= American Council for an Energy-Efficient Economy =

US non-profit organisation

| Founded | 1980 |
| Chair | Penni McLean-Conner |
| Exec. Director | Steven Nadel |
| Headquarters | Washington, DC, US |
| Slogan | "Promoting economic prosperity, energy security, and environmental protection." |
| Website | www.aceee.org |

The American Council for an Energy-Efficient Economy (ACEEE) is a nonprofit, 501(c)(3) organization. Founded in 1980, ACEEE's mission is to act as a catalyst to advance energy efficiency policies, programs, technologies, investments, and behaviors in order to help achieve greater economic prosperity, and environmental protection.

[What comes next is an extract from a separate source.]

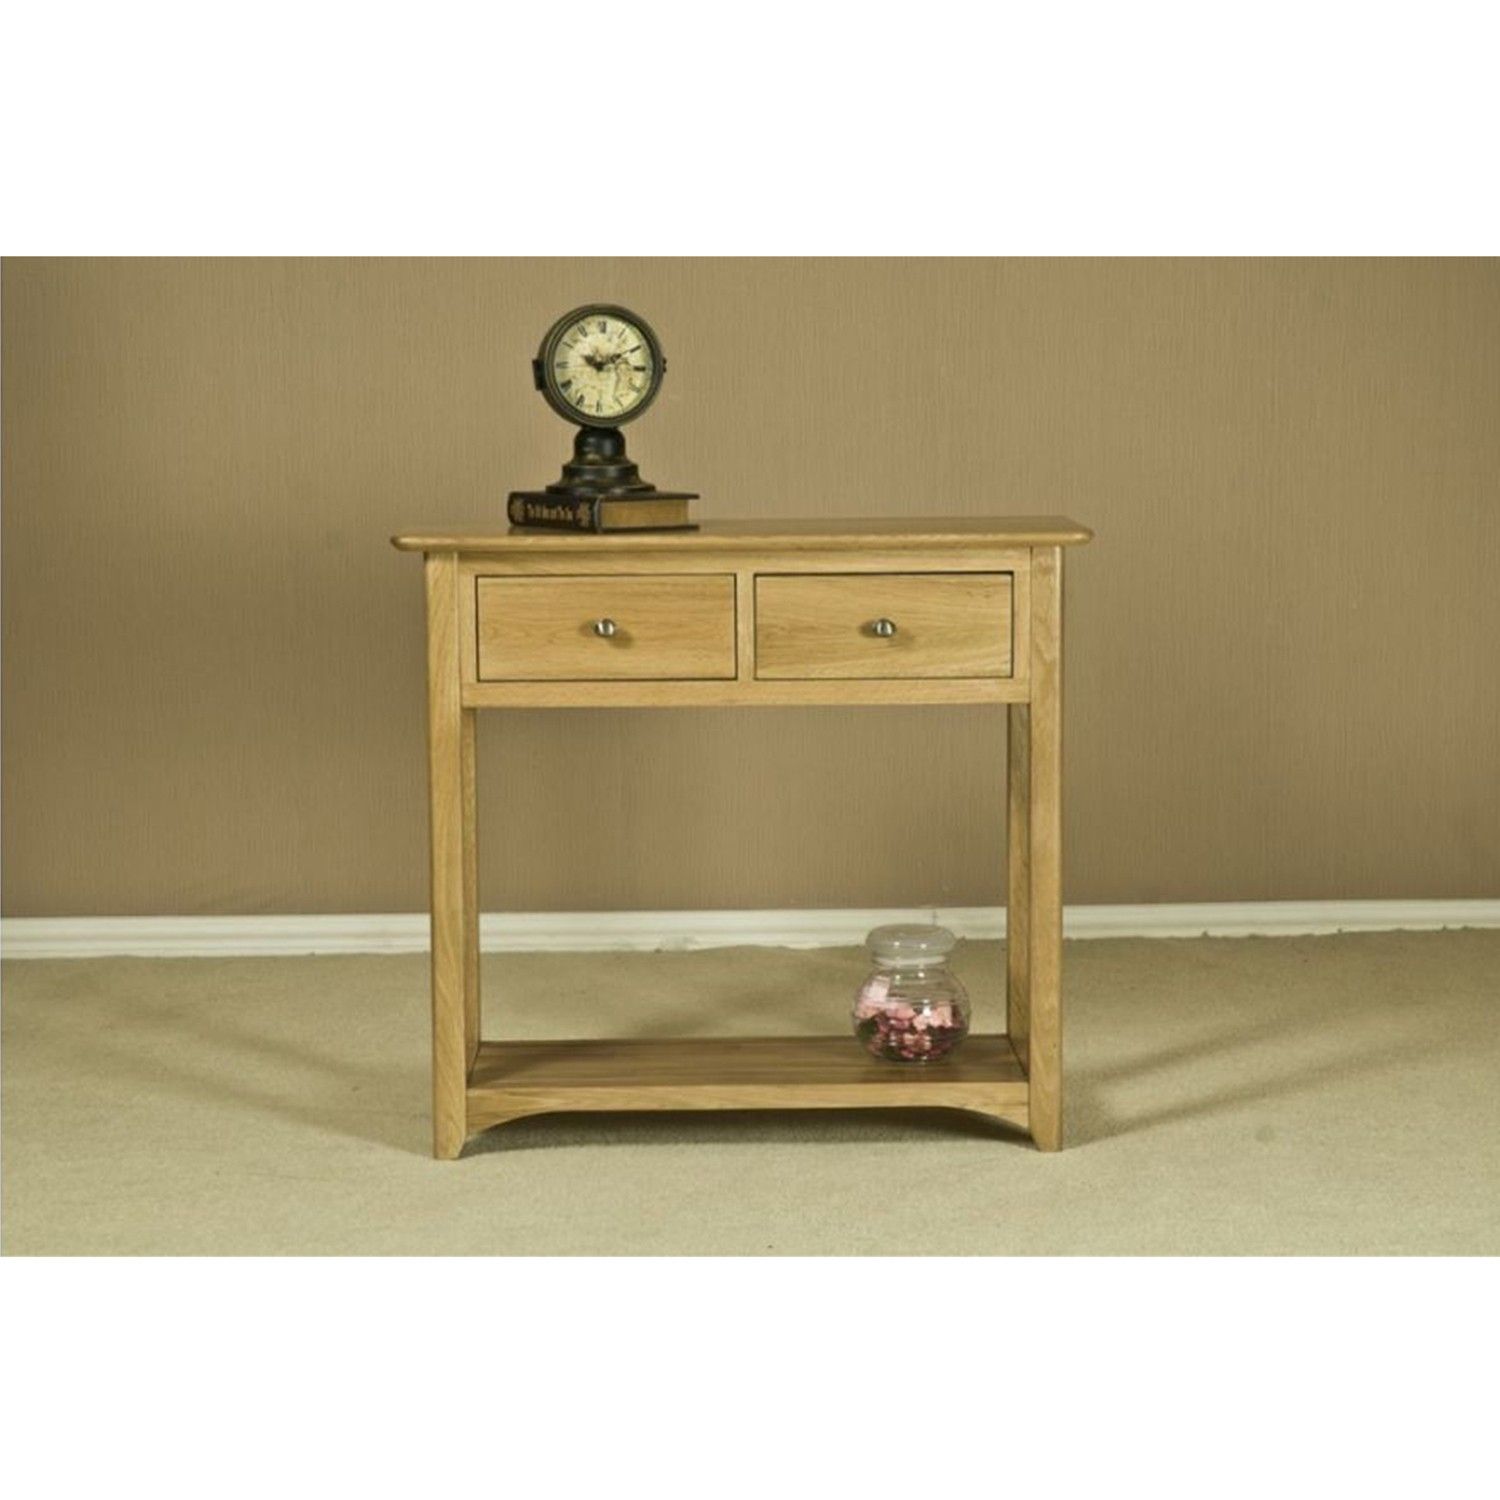 Casa Toulouse 2 Drawer Console Table | Leekes Regarding 2 Drawer Console Tables (View 15 of 20)
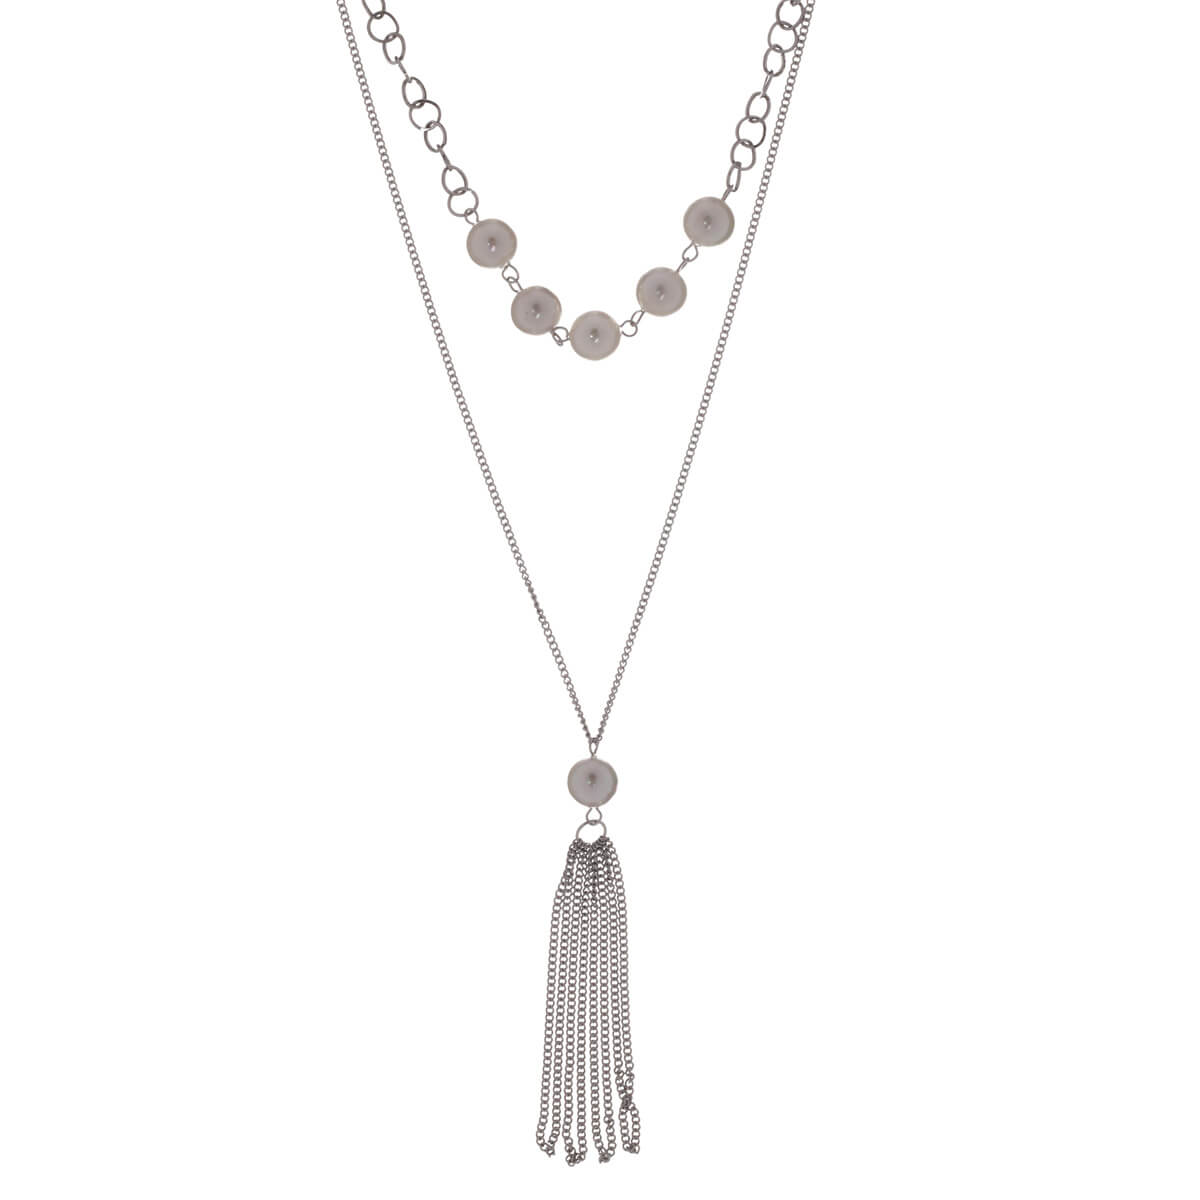 Pearl necklace 2 chains (steel316L)

ACEEE promotes energy efficiency by conducting technical and policy analyses; advising policymakers and program managers; and working collaboratively with businesses, government officials, public interest groups, and other organizations. It convenes conferences and workshops, primarily for energy efficiency professionals, and produces reports, conference proceedings, and media outreach.

ACEEE employs more than 60 people, in its Washington, D.C. office or remotely. The organization's primary focuses are on end-use efficiency in industry, buildings, utilities, and transportation; economic analysis and human behavior; and local, state, and national policy.

== Federal and state energy policy ==

===Federal===
ACEEE has worked on federal energy policy since the 1980s. The organization played central roles in the development of the National Appliance Energy Conservation Act of 1987, energy efficiency provisions in the Energy Policy Act of 1992 and the Energy Policy Act of 2005, the Energy Independence and Security Act of 2007, and the Energy Act of 2020. Many of these provisions were developed in cooperation with interested business and received bipartisan support.

ACEEE staff testify before Congress and work closely with Congressional staff in both major parties to help shape new initiatives and analyze the impacts of energy and climate policy proposals. They weigh in on the federal budget process, promoting and increasing funding for what they deem the most effective energy efficiency programs.

The organization also works with federal agencies such as the Environmental Protection Agency and the Department of Energy on programs and policies, and participates in formal rulemakings on energy efficiency issues. Most of ACEEE's federal policy work involves research and education; however, they do a limited amount of lobbying using unrestricted funds.

They supported the EPS Service Parts Act of 2014 (H.R. 5057; 113th Congress), a bill that would exempt certain external power supplies from complying with standards set forth in a final rule published by the United States Department of Energy in February 2014. The United States House Committee on Energy and Commerce describes the bill as one that "provides regulatory relief by making a simple technical correction to the 2007 Energy Independence and Security Act to exempt certain power supply (EPS) service and spare parts from federal efficiency standards."

===State===
At the state level, ACEEE works closely with public officials and local energy efficiency advocates, providing advice, analysis, and technical support. In order to maximize its impact, the organization concentrates its efforts on large states that are poised to make major decisions on energy efficiency policy issues. For example, in 2007 and 2008, it emphasized work in Florida, Maryland, Michigan, Ohio, Pennsylvania, Texas, and Virginia. All of these states passed significant energy efficiency legislation, with additional legislation and regulations likely in some of them.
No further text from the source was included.